1998 Welsh Liberal Democrats election

Ahead of the inaugural election to the Welsh Assembly in May 1999, the Welsh Liberal Democrats held a contest to elect their campaign leader and prospective group leader. The Welsh Liberal Democrat leader during this campaign was Brecon and Radnorshire MP Richard Livsey, who would remain as party leader until 2001.

== Candidates ==

Two candidates stood - South Wales-based Michael (Mike) German, a music teacher and former Cardiff Councillor, and North Wales-based Christine Humphreys, a former Colwyn Borough Councillor.

== Result ==
The result was declared on 20 November 1998:

| Candidate |  | Votes | % |  |
Turnout: 40%
|  | Mike German | 1,037 |  | 59.8 |
|  | Christine Humphreys | 883 |  | 40.2 |
| Total |  | 1,920 | ~40% | —N/a |  |

Mike German was declared the winner and went onto to lead the Welsh Liberal Democrat Campaign. He later described himself as a '[group] leader in waiting'.

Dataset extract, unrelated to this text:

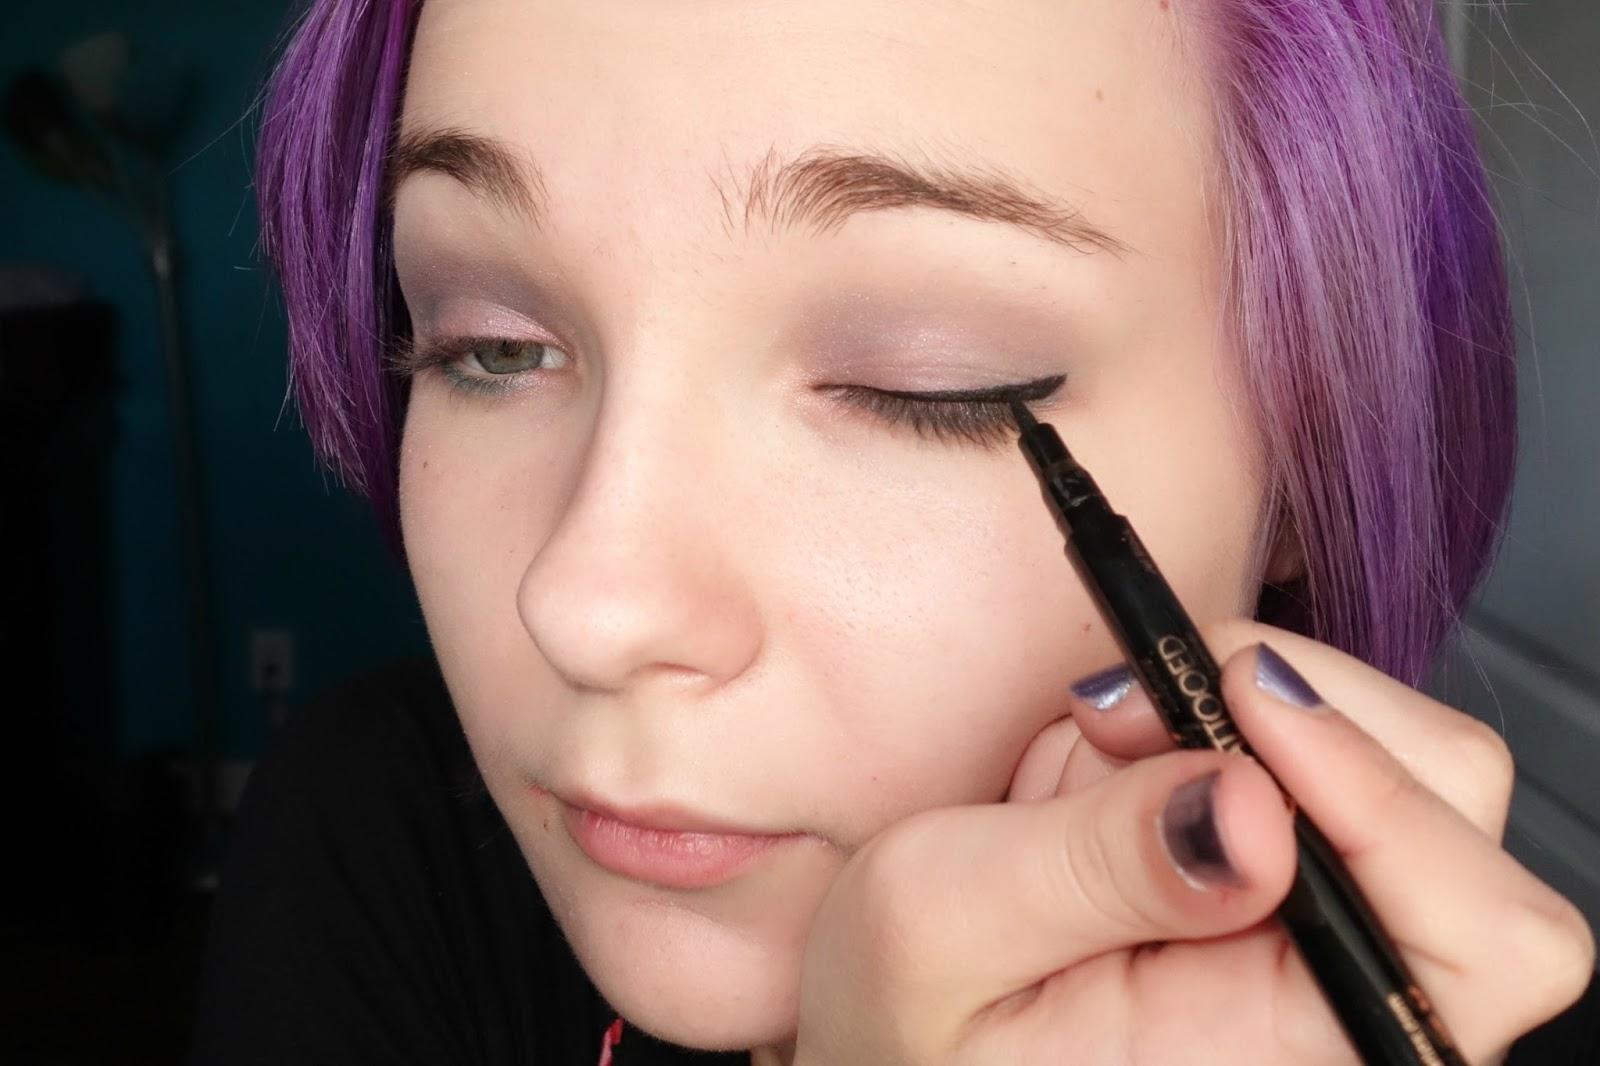 Chromobeauty glossier pink and spring eyes for Skone tattooed eyeliner

After the result, the Western Mail commented that:

"...as the contest developed it became clear that Ms Humphreys was succeeding in winning the votes of women, Welsh speakers and large proportions of the members who live outside the industrial south."
— Western Mail, Tuesday 1 December 1998

German went on to lead the Welsh Liberal Democrat campaign during the 1999 elections to the Welsh Assembly, where he was elected in South Wales East as one of the six seats won by the Welsh Liberal Democrats, and was then formally made Welsh Liberal Democrat Group Leader. German would go on to take his party into government in 2000 and serve as Deputy First Minister of Wales under Rhodri Morgan. Christine Humphreys entered the assembly as a member for North Wales.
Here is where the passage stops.